As duas frases estão correctas.
Antes da abordagem dos diferentes valores das formas verbais de passado em português, é importante assinalar que a referência temporal se realiza, basicamente, de duas formas:1
1 – tendo como eixo o momento da enunciação [o instante da interacção verbal], fixo e implícito no discurso;
2 – tendo como ponto de referência um momento não coincidente com o da enunciação e, por isso, móvel (deslocável na cronologia) e explicitado no discurso.
1 – No que diz respeito à primeira modalidade de cálculo de referência temporal, há a referir que este momento está integrado no adverbial hoje e coincide com o agora.
Vamos aos exemplos, colocando em jogo o pretérito perfeito simples, o pretérito perfeito composto e o pretérito imperfeito.
a) Fui hoje a um recital de poesia.
b) Hoje ia a um recital de poesia…
c) Casava-me já hoje contigo.
d) Hoje tenho subido e descido estas escadas como em dia nenhum, livra!
e) Ontem fui a um recital de poesia.
f) Ontem ia a um recital de poesia (mas o carro avariou no caminho).

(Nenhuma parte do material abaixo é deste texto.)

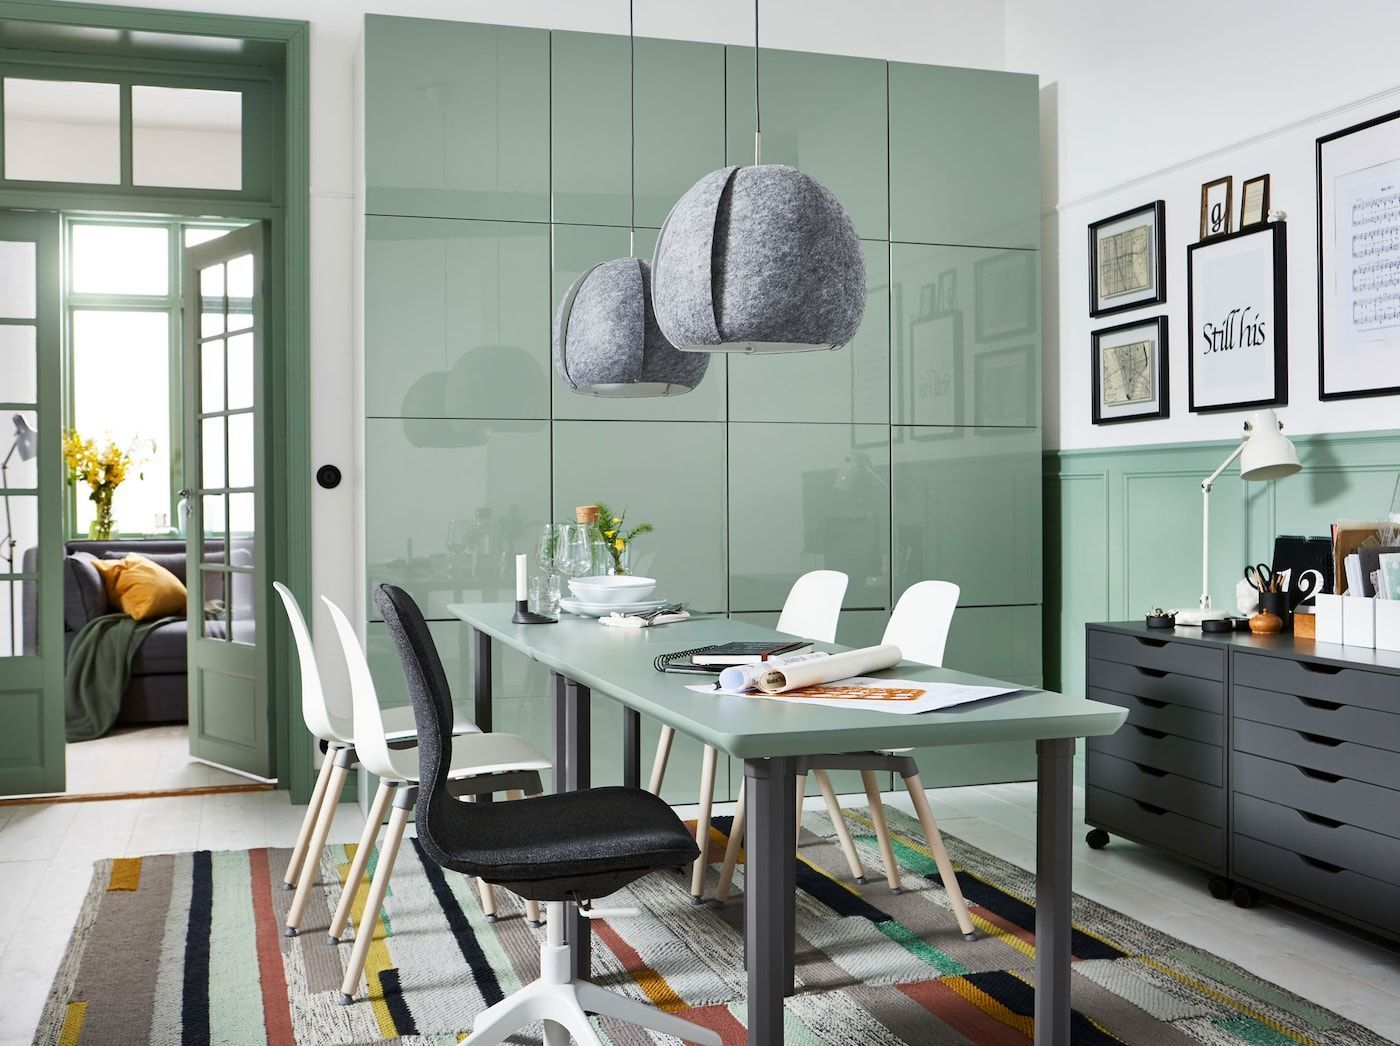 Arbeitszimmer Ideen Inspirationen Arbeitszimmer Ideen Inspirationen Smallofficeinter In 2020 Home Office Space Ikea Home Office Gray Home Offices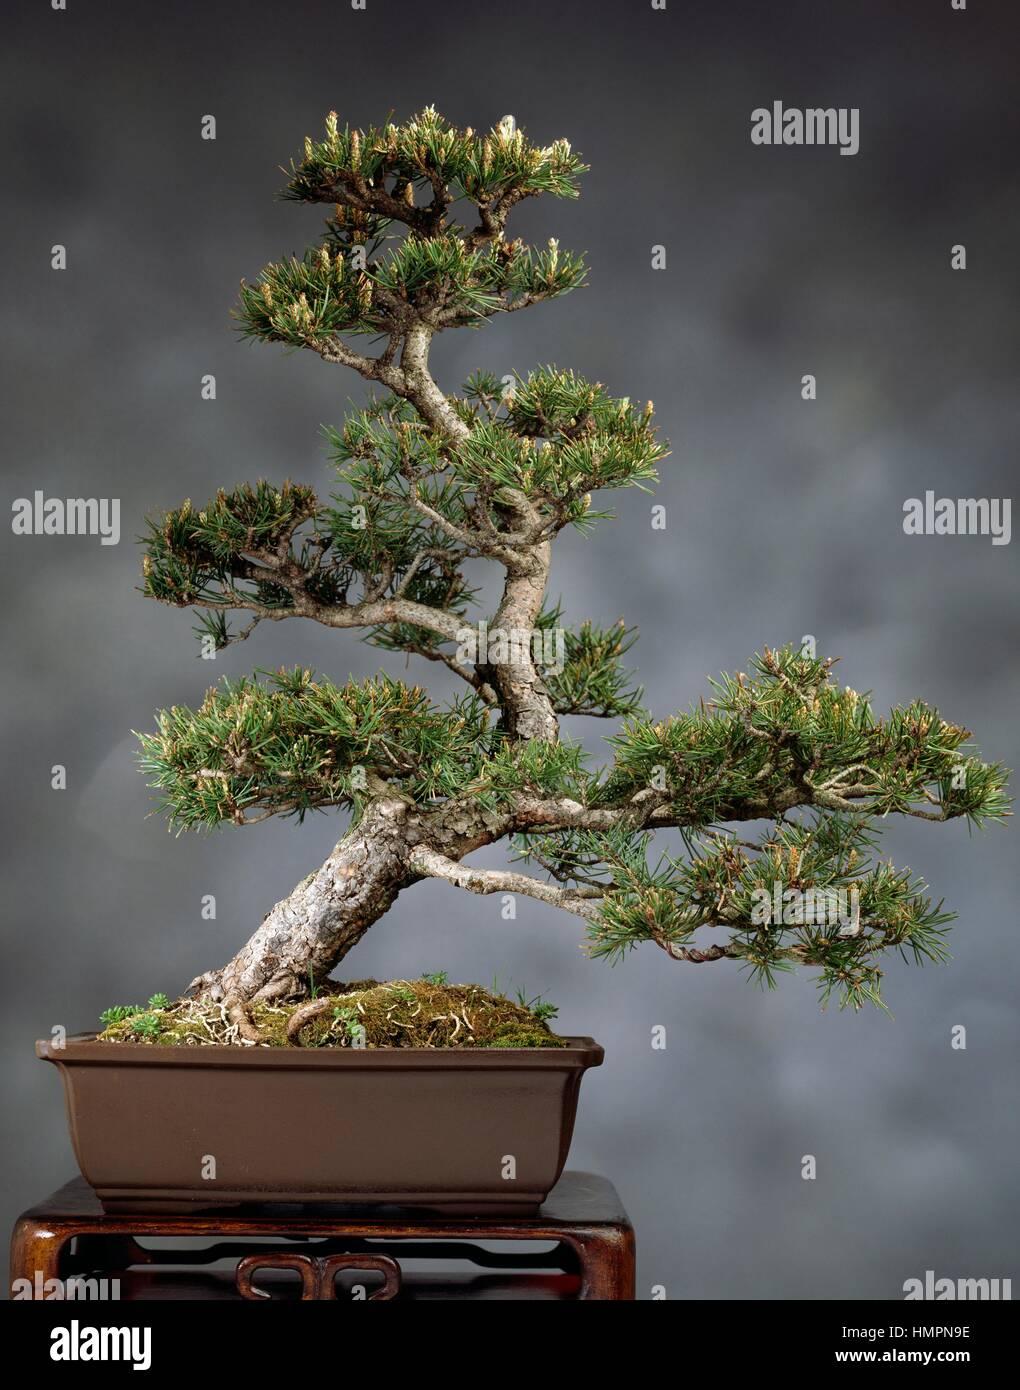 scots pine pinus sylvestris bonsai stockfotos scots pine. Black Bedroom Furniture Sets. Home Design Ideas

g) Casava-me ontem com ele (mas o tipo deixou-me plantada no altar).
h) * Ontem tenho subido e descido estas escadas...
i) Fui agora ao bar e vi lá o Pedro.
j) Agora tomava um cafezinho...
Vemos que o pretérito perfeito simples, quer em a) quer em e), referencia um momento anterior ao da enunciação, independentemente do advérbio seleccionado.
Porém, o mesmo já não se passa com o imperfeito: em b) o pretérito imperfeito, que co-ocorre com hoje, não tem por função referenciar o passado, mas marcar o enunciado modalmente – facto mais fortemente evidenciado no exemplo c). No entanto, se o pretérito imperfeito for acompanhado do adverbial ontem [exemplos f) e g)], temos a expressão de um evento que esteve na iminência de se realizar, mas que não se realizou, efectivamente.
No que ao pretérito perfeito composto diz respeito [exemplo d)], temos uma acção que é iniciada num momento anterior ao momento de fala mas com incursão neste último. Para além disso, está a ser expresso um valor aspectual claro: subir e descer não são eventos que ocorrem uma vez, mas várias, e, portanto, o pretérito perfeito composto é responsável pela presença do valor aspectual de iteração. O que h) prova é que, apesar da classificação pretérito, o pretérito perfeito composto não situa a acção integral e exclusivamente no passado, e daí a impossibilidade de ocorrência com o advérbio ontem.
Finalmente, o pretérito perfeito em i) designa uma acção passada contígua ao momento de enunciação, e j) tem um valor equivalente ao de c).
2– A referência temporal pode, também, como disse acima, corresponder a um ponto de radicação distinto do momento de enunciação, explicitável por diferentes tipos de adverbiais:
Naquele tempo...
Nesse dia/tempo...
Na véspera...
Na administração Clinton...
Quando Jesus andava pelo mundo...
Vamos novamente aos exemplos:
k) Os romanos frequentavam as termas.
l) Os turistas frequentaram as termas.
m) Os turistas já tinham frequentado as termas quando as instalações foram inundadas.
Em k), o pretérito imperfeito designa uma acção habitual e, por isso, caracterizadora de uma civilização.
Em l), o pretérito perfeito exprime um facto acabado, inserido num quadro de temporalidade passada ou ausente.
Em m), o pretérito mais-que-perfeito exprime um facto acabado/passado, anterior a outro também já consumado/passado.
Podemos chegar a, pelo menos, três conclusões gerais:
• em português, a relação formas simples-formas compostas com os valores aspectuais de acabado-inacabado não é verificável;
• as correspondências de formas e designações verbais entre línguas (românicas) nunca pode ser feita automaticamente: não é possível fazer uma correspondência entre o “passé composé” francês e o pretérito perfeito composto em português, por exemplo;
• a selecção de uma forma verbal, para além da referenciação temporal, pode efectivamente atender a diversos factores, como sejam a modalização, a factualidade, os modos de enunciação (onde se insere a questão dos dois eixos de cálculo temporal), a correspondência anafórica com outros tempos verbais no enunciado, o género discursivo, etc.
Matéria muitíssimo interessante, portanto, se me permite a opinião.